Your last command is almost correct, but the syntax is wrong. Corrected version:
cpu=$(</sys/class/thermal/thermal_zone0/temp); if [ "$cpu" -gt 70000 ]; then shutdown; fi
Or, shorter,
cpu=$(</sys/class/thermal/thermal_zone0/temp); [ "$cpu" -gt 70000 ] && shutdown
Or, shorter,
[ "$(</sys/class/thermal/thermal_zone0/temp)" -gt 70000 ] && shutdown
The issue with your command (apart from the syntax of the if-statement) is that you use a pipeline. The right hand side of a pipeline (your if statement) should read from the left hand side of the pipeline (your variable assignment). A variable assignment does not produce any output, and your if-statement does not consume any input. Furthermore, the value of $cpu is unknown on the right hand side of the pipe as the two parts of the pipeline are executed concurrently.

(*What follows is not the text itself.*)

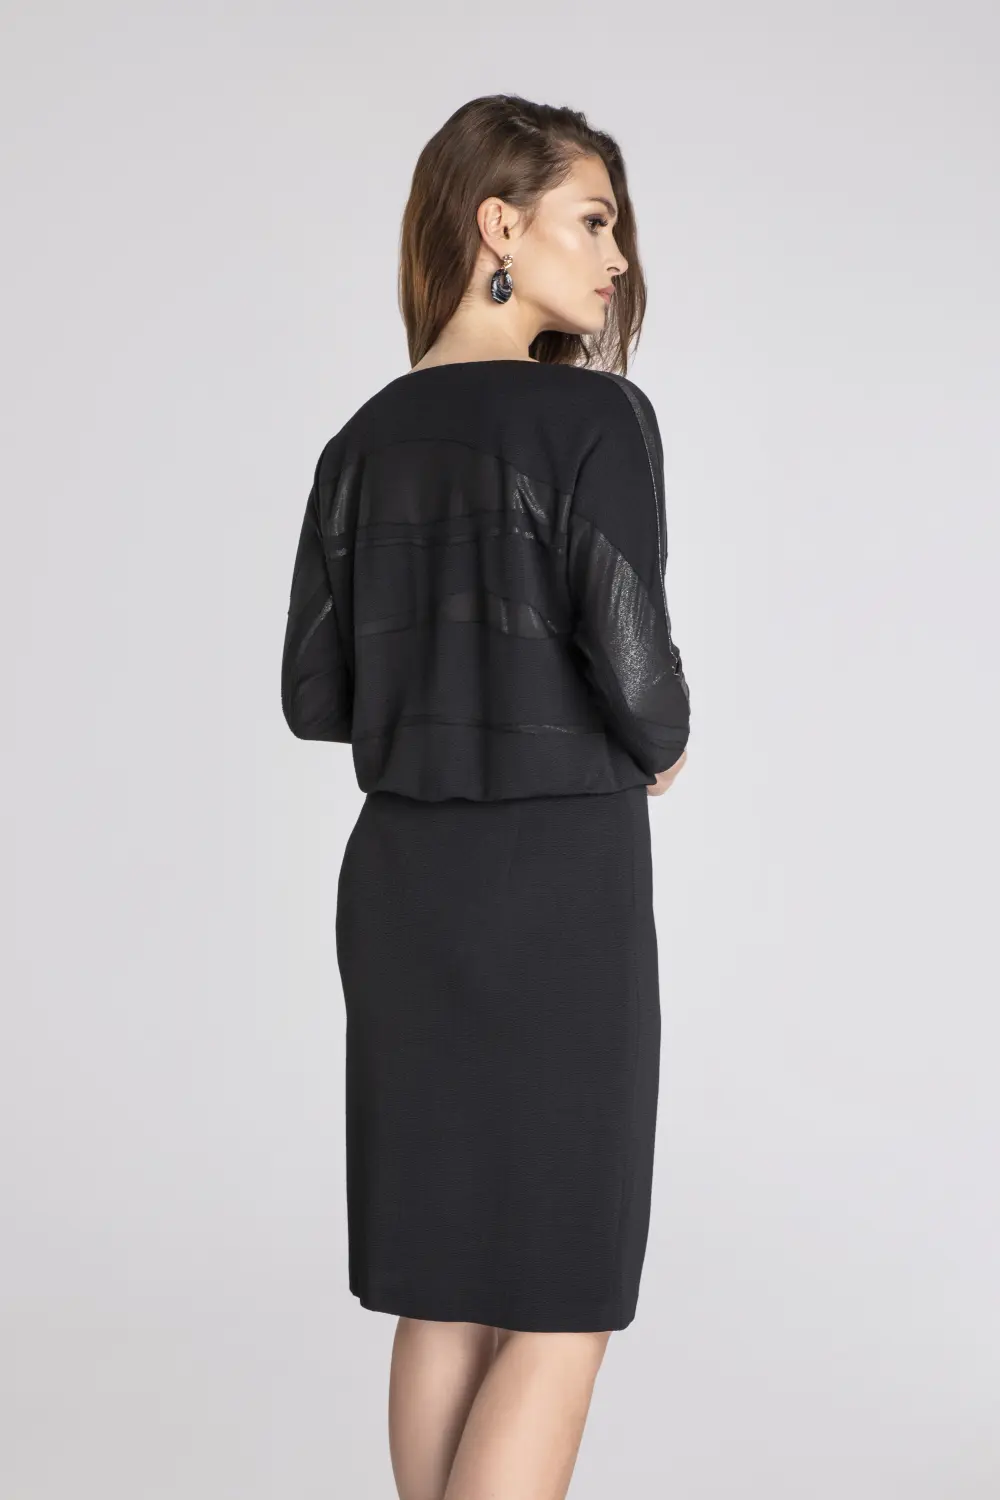 czarna sukienka wizytowa z błyszczącymi wstawkami i lampasem polskiej marki Vito Vergelis

For a cron job, the following may be a better formulation of the command:
[ "$(</sys/class/thermal/thermal_zone0/temp)" -le 70000 ] || shutdown
This ensures that the command exits successfully even if the temperature is low. The [ ... -gt 70000 ] && shutdown variation would return a non-zero exit from the [ ... ] test for low temperatures, which would make cron think the job failed.
Note also that this requires that the crontab is using bash as the shell to run the jobs, or the $(<...) syntax may not work properly. You may change $(<...) to $(cat ...) or you may set SHELL=/bin/bash at the top of the crontab. Also, to run shutdown, you likely need root privileges.